Fire and fury all the way

Run up to polls
By Leon Berenger

As was the case in the previous outings it was the same one party show in the south as the Government side thundered through the opposition using state machinery at its disposal with a range of violence and other forms of intimidation, while independent observers said the police must take full responsibility for what took place in the run-up to the Southern Provincial Council polls.

More than 300 incidents of pre-election violence and related cases were documented by the observers who said it was the highest when compared with previous polls in other provinces.

“In short, it was the worst ever pre-poll campaign in recent times and the police together with the Elections Department was found wanting in more than one way,” Keerthi Tennakoon of the Campaign for Free and Fair Elections, (CaFFE) said.

The district of Matara topped the list with 108 incidents followed by Galle and Hambantota. In one of the most serious incidents UNP’s chief candidate for Galle district Manusha Nanayakkara escaped unhurt after his convoy was ambushed and shot at, at Waluwatte on Friday afternoon. The incident occurred when he and his supporters were returning home after meeting party loyalists.

Mr. Nanayakkara said the gunmen had arrived on a motor cycle and sprayed the convoy with automatic fire before speeding away. The lead vehicle was damaged in the attack.

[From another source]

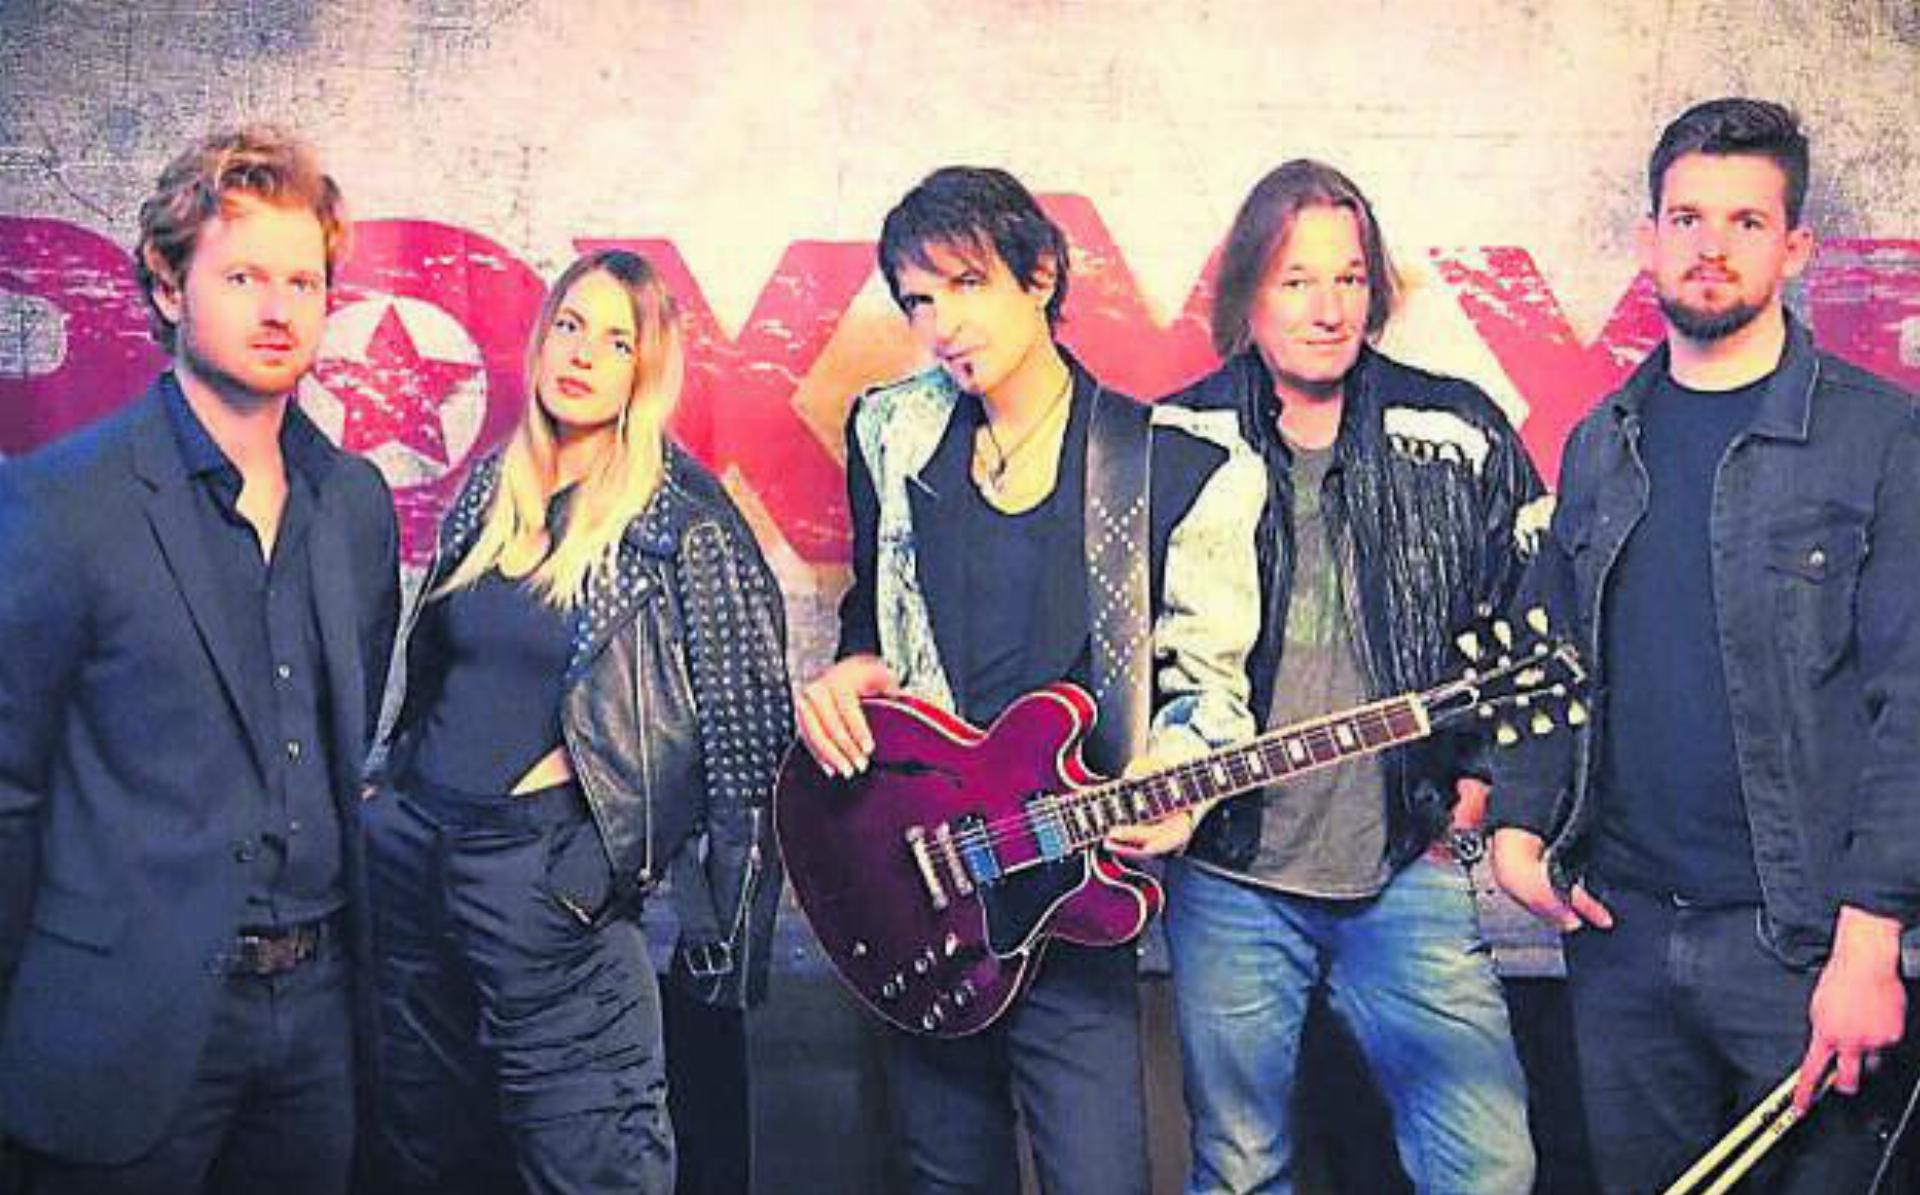 Die Band RoxXxet bringt grosse Hits von Roxette nach Boswil. Bild: zg

The police however, denied that such an incident occurred, adding that the candidate had staged the whole affair to garner sympathy votes. Galle Police Chief, Senior Superintendent Keerthi Silva said investigators who rushed to the scene found the candidate’s claim highly questionable.

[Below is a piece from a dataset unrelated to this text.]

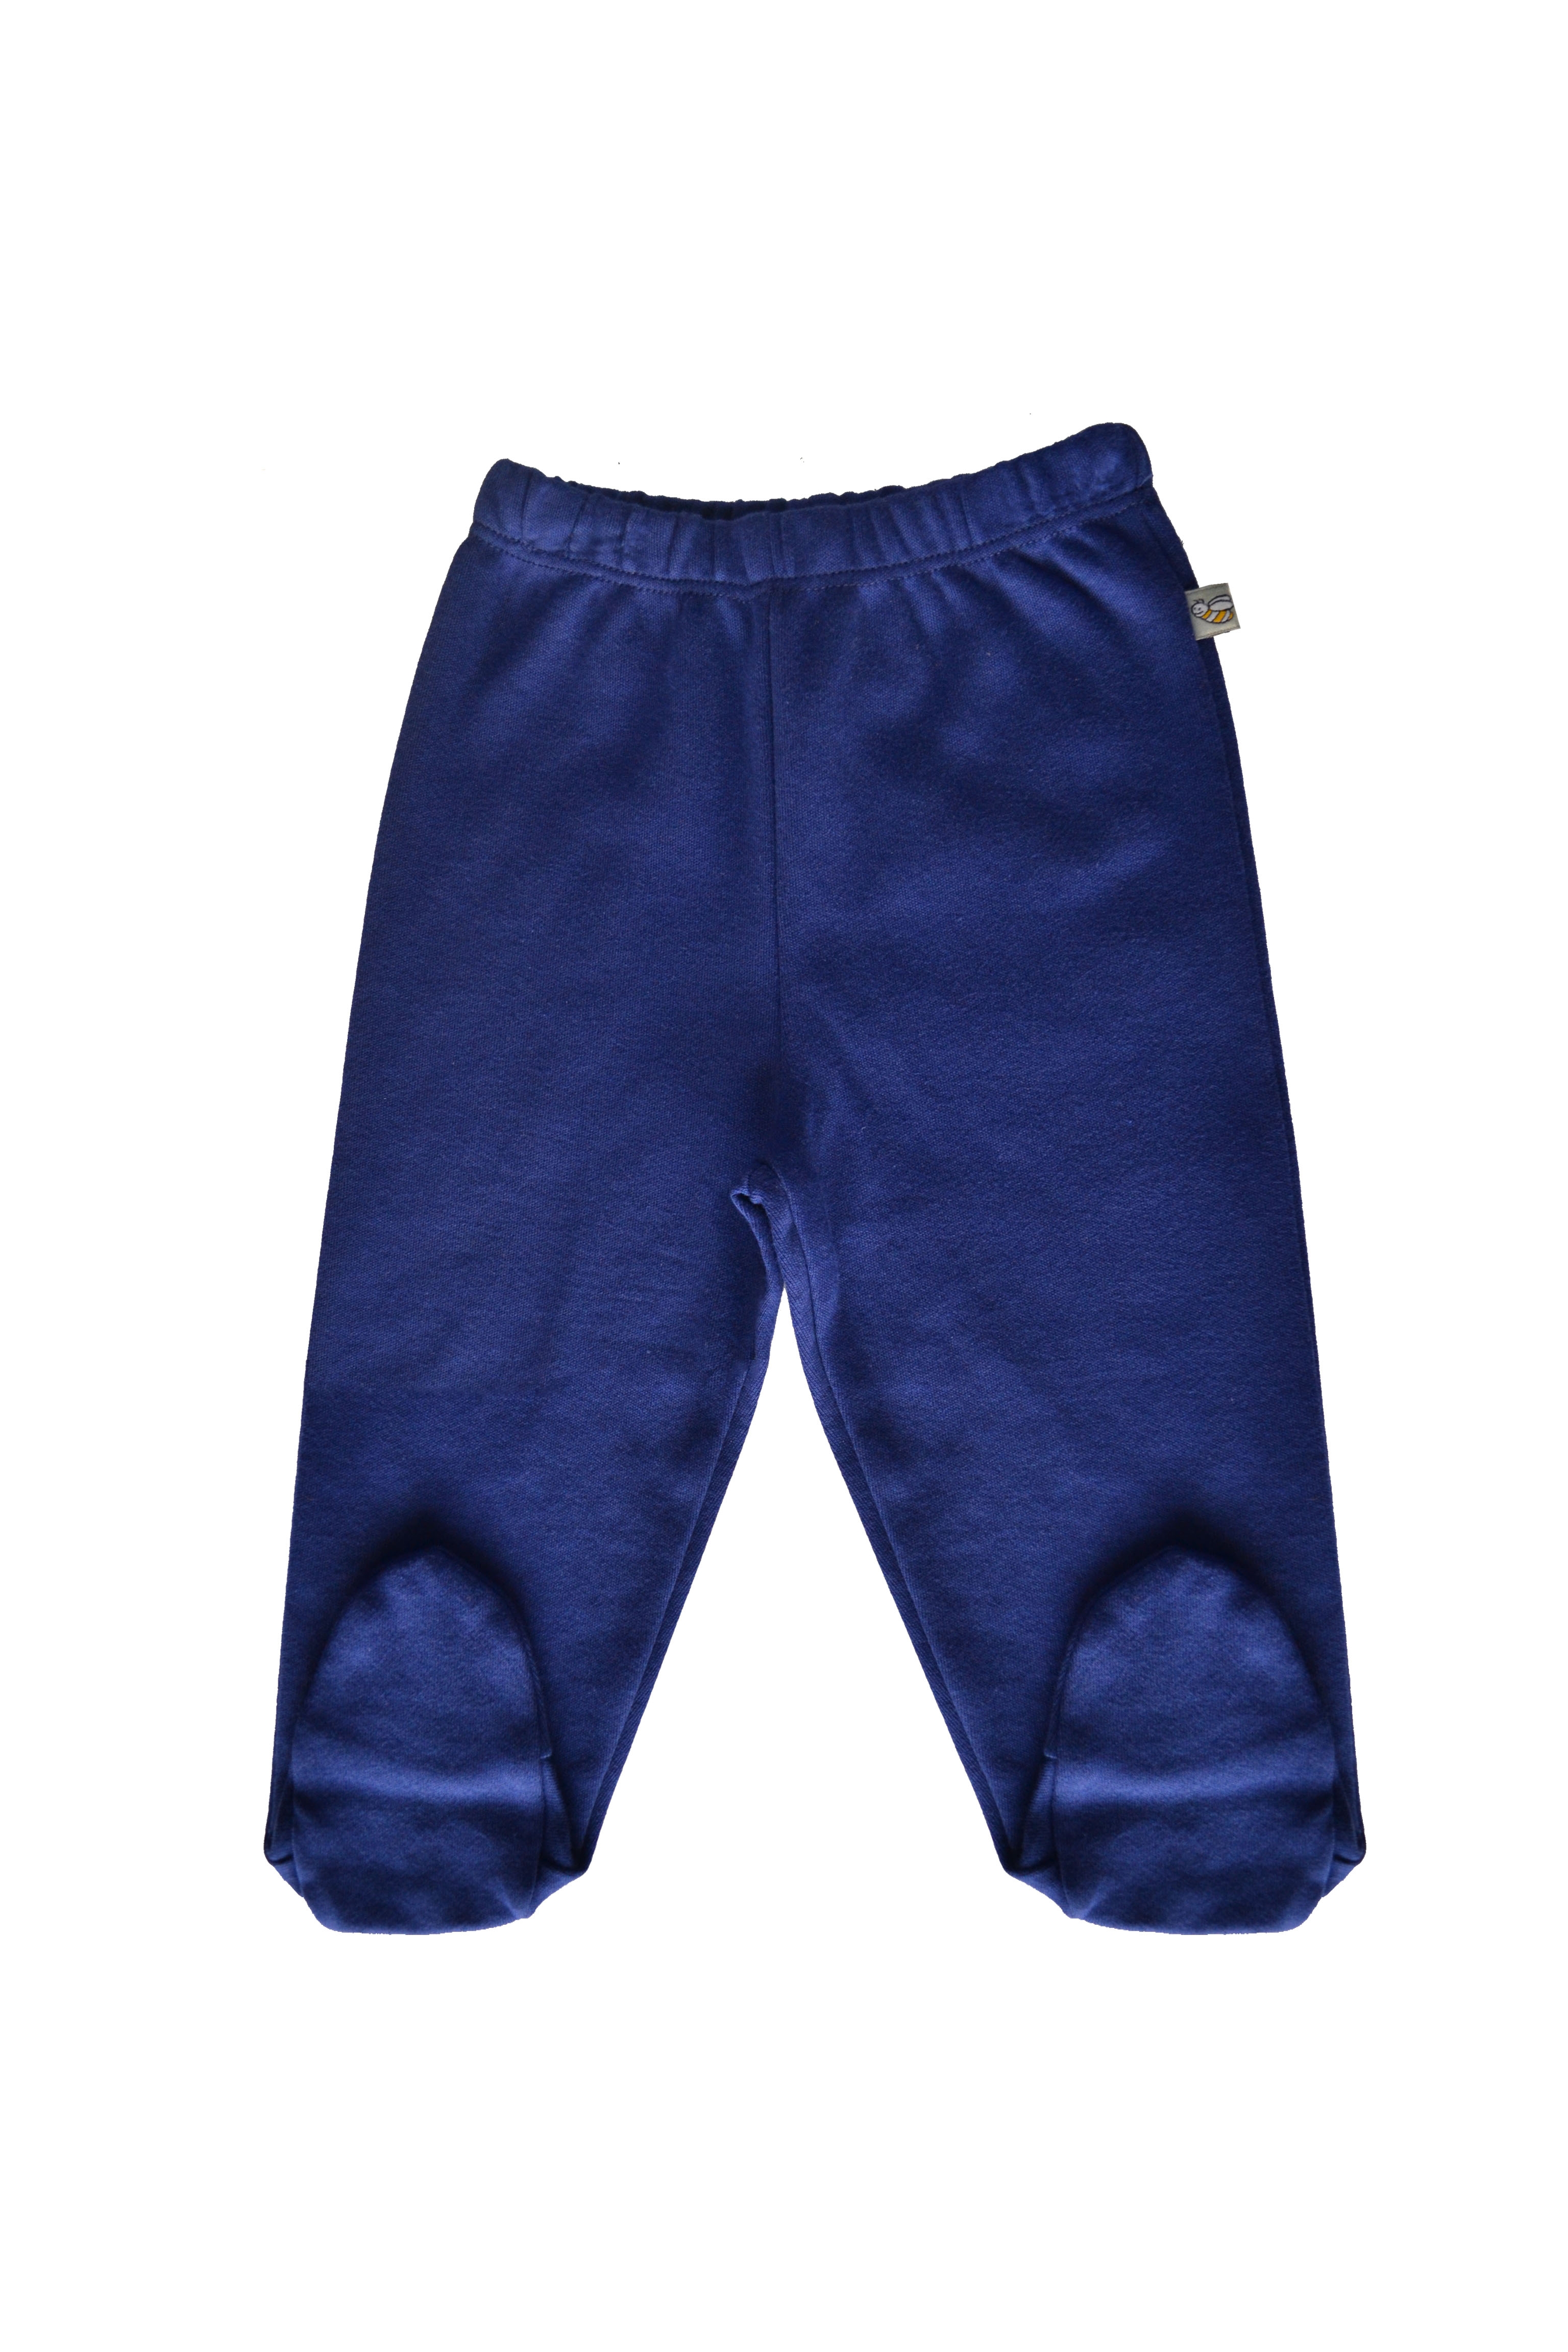 Babeez | Navy Pant with Feet (100% Cotton Interlock Biowash) undefined

“This trend only confirms the inactiveness of the police amidst reports that law enforcers were also made powerless owing to pressure from various quarters. It was one big joke, from the very beginning of the campaign”, CaFFE’s Mr Tennakoon said.

He added that the main culprits were from the government side where the bulk of the violence and intimidation was aimed at the JVP and to a lesser extent the main opposition UNP.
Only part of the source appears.